The main thrust of that original campaign was claiming that playing heavy-metal albums backwards revealed Satanic messages and demonizing kids who played “Dungeons & Dragons,” but film played an important role as well. The Devil has been featured onscreen for almost as long as the medium has existed, with F.W. Murnau’s 1926 take on the Faust mythos providing one early example, but it would be decades before the horror genre exploited him to full effect.

Like a lot of other developments in the genre, we have “The Exorcist” to thank for this. Both William Peter Blatty’s 1971 novel and William Friedkin’s 1973 movie adaptation ingratiated themselves into the public consciousness like few tales of demonic possession before them; both were preceded by “Rosemary’s Baby,” but “The Exorcist” made more than 10 times as much money at the box office ($441.3 million versus $33.4 million) and received 10 Academy Award nominations, including Best Picture.

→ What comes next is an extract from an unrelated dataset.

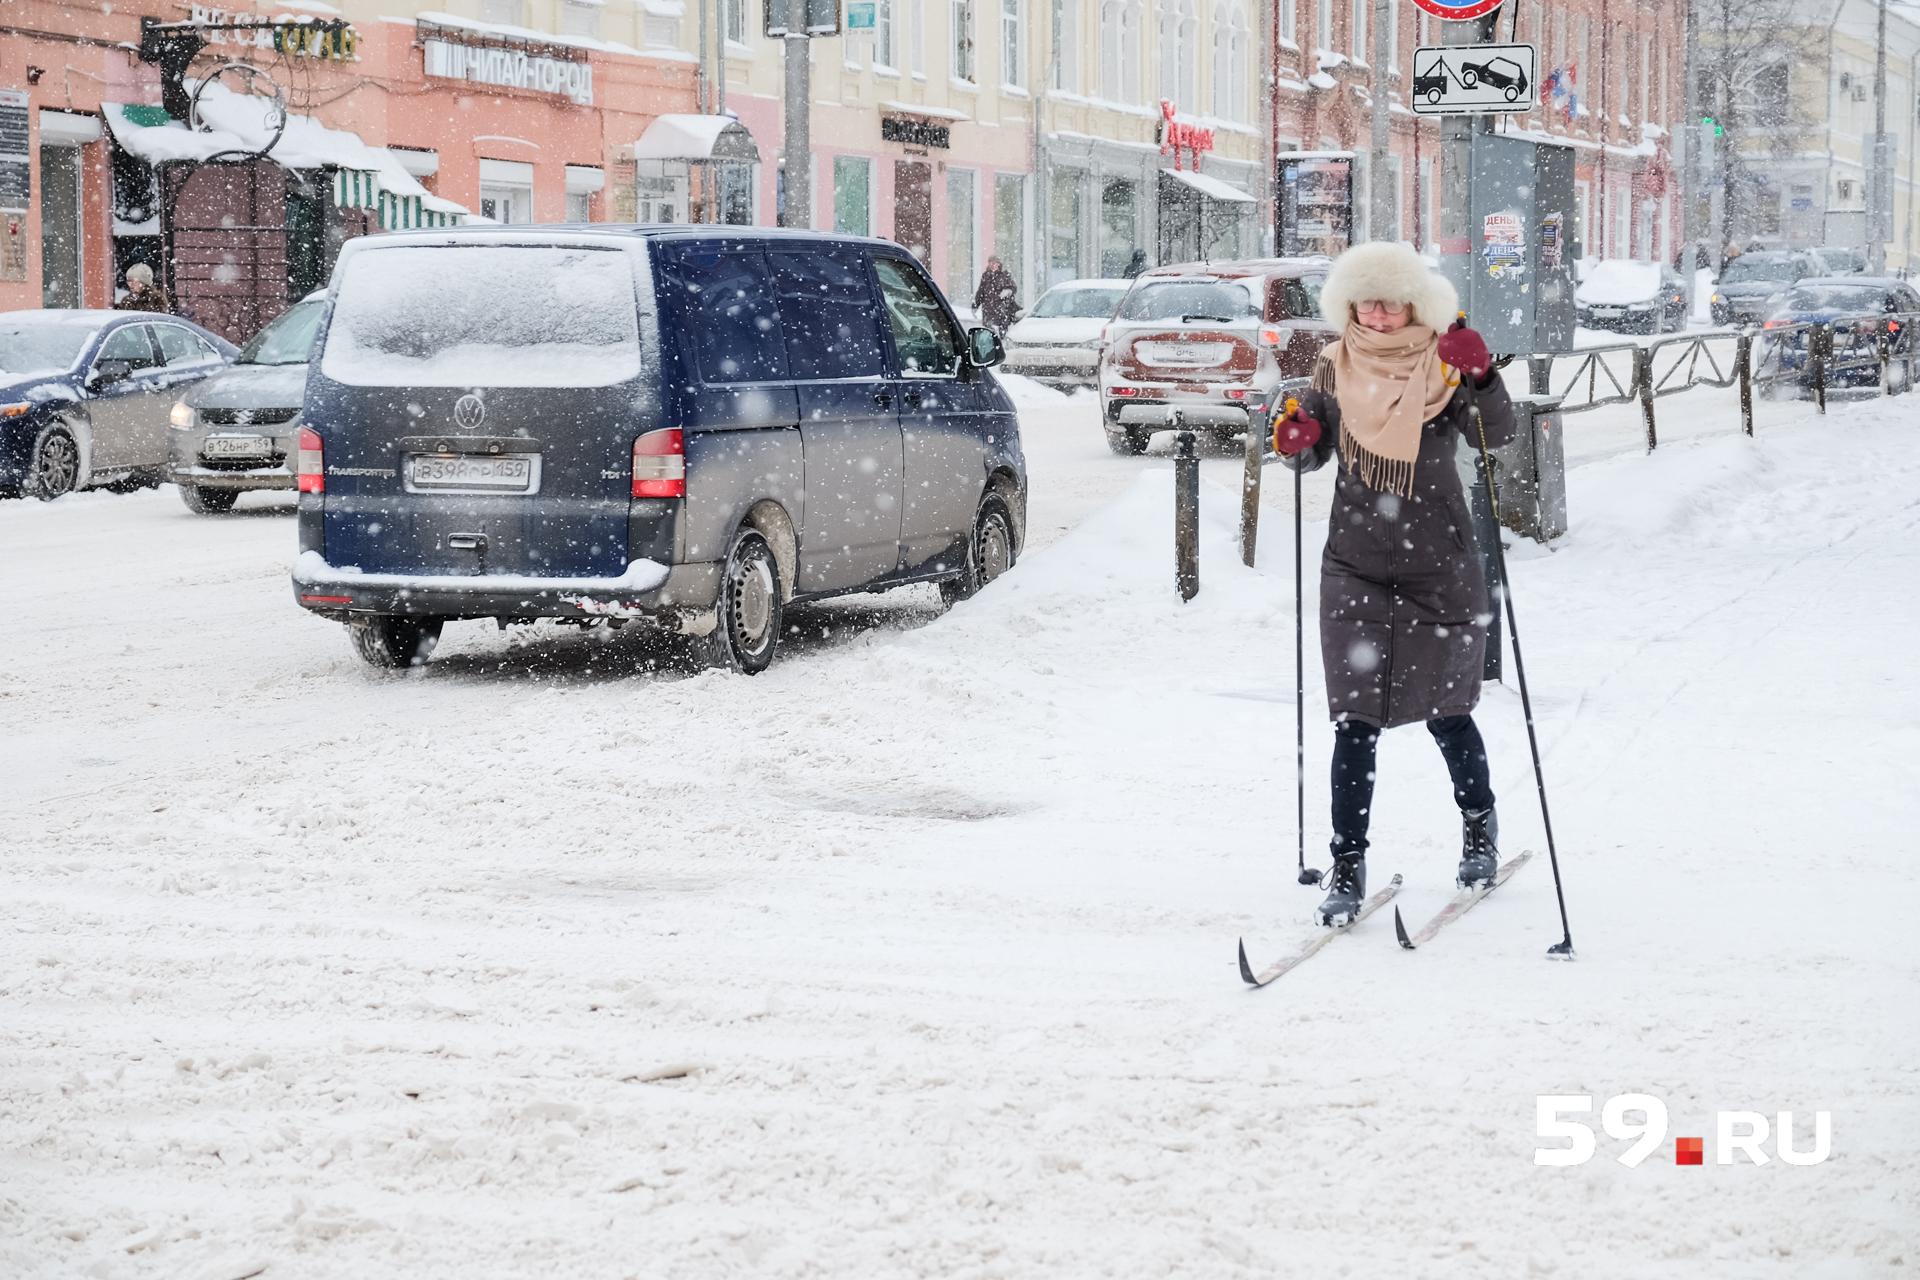 Лыжник тоже пешеход – должен соблюдать ПДД и идти только на зеленый сигнал светофора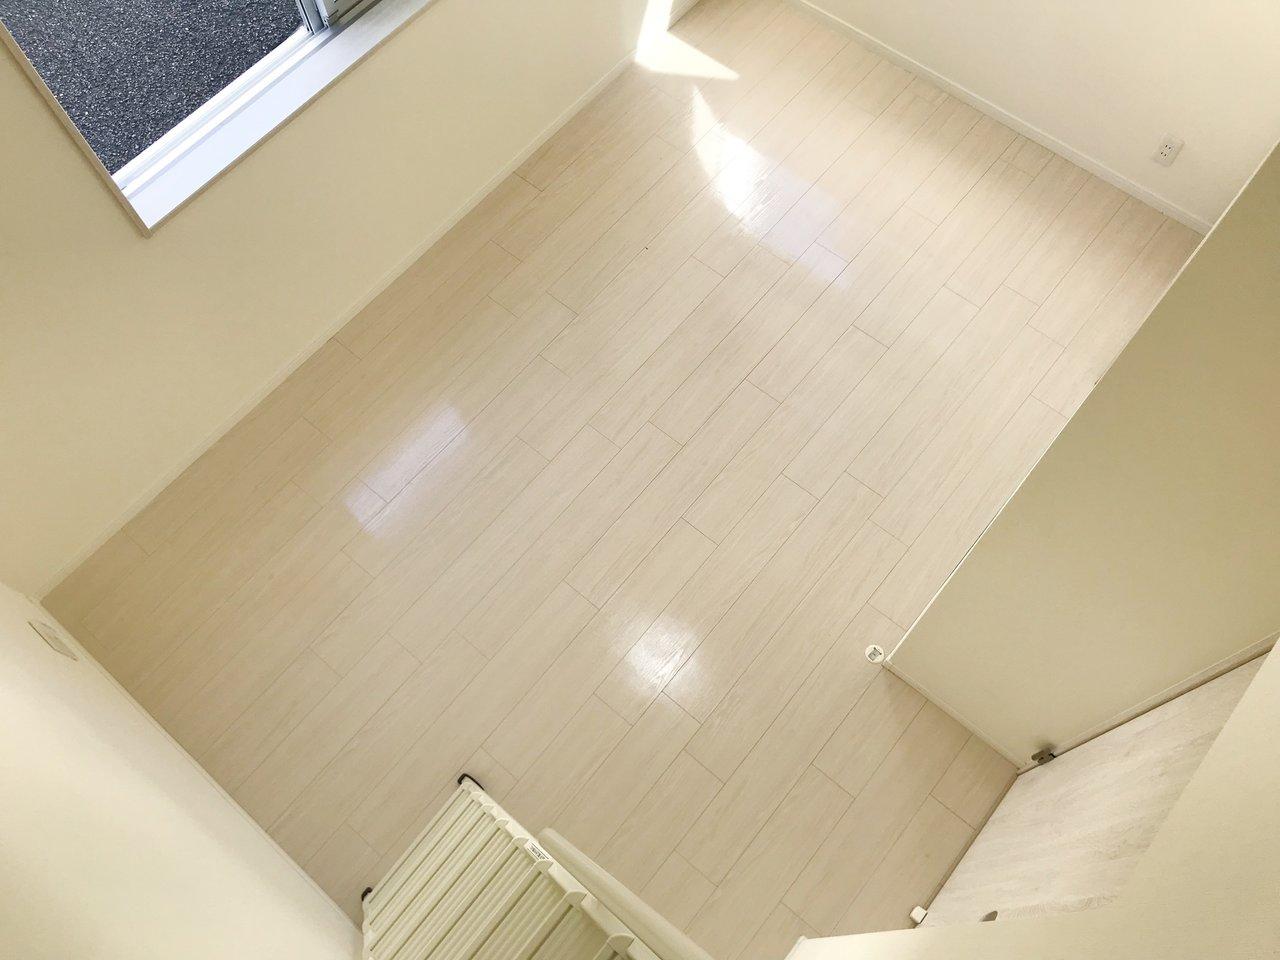 ロフトから見下ろすと、こんな感じ。天井ももちろん高いので、リビングにいてもとても開放感があるのはそのせい。ロフトのある暮らし、おすすめです。

“The Exorcist” also made people really, really afraid of being possessed. The tales of ambulances stationed near movie theaters to whisk away audience members who fainted from fear are well known, but what about the millions who went home and lost sleep over the thought of Satan taking control of their bodies? Ripoffs quickly followed, with Warner Bros. taking successful legal action against both “Abby” and “Beyond the Door,” and though none of “The Exorcist’s” would-be successors came anywhere close to replicating its success (including its own sequels), their very existence shows the extent to which the idea of possession had taken hold.

“The Omen” arrived three years later, introducing the world to young Damien: a kind of wolf in sheep’s clothing, only instead of a sheep he’s a child, and instead of a wolf, he’s the Antichrist. No one is safe from Satan’s influence, these movies tell us, even and especially children. And though neither “The Exorcist” nor “The Omen” were the subject of the sort of scorn that Led Zeppelin and “D&D” were, they helped certain ideas take root in the collective imagination.

Still, neither film was specifically blamed for any actual crimes. The same can’t be said of 1987’s “The Believers,” a film which a group of cartel members responsible for a series of grisly murders said they watched as an “instructional video.” About a psychiatrist (Martin Sheen) who believes a brujería-inspired cult wants to make his son their latest child sacrifice, John Schlesinger’s (“Midnight Cowboy”) film is, in most other respects, not especially notable. This footnote has lent it certain infamy, however.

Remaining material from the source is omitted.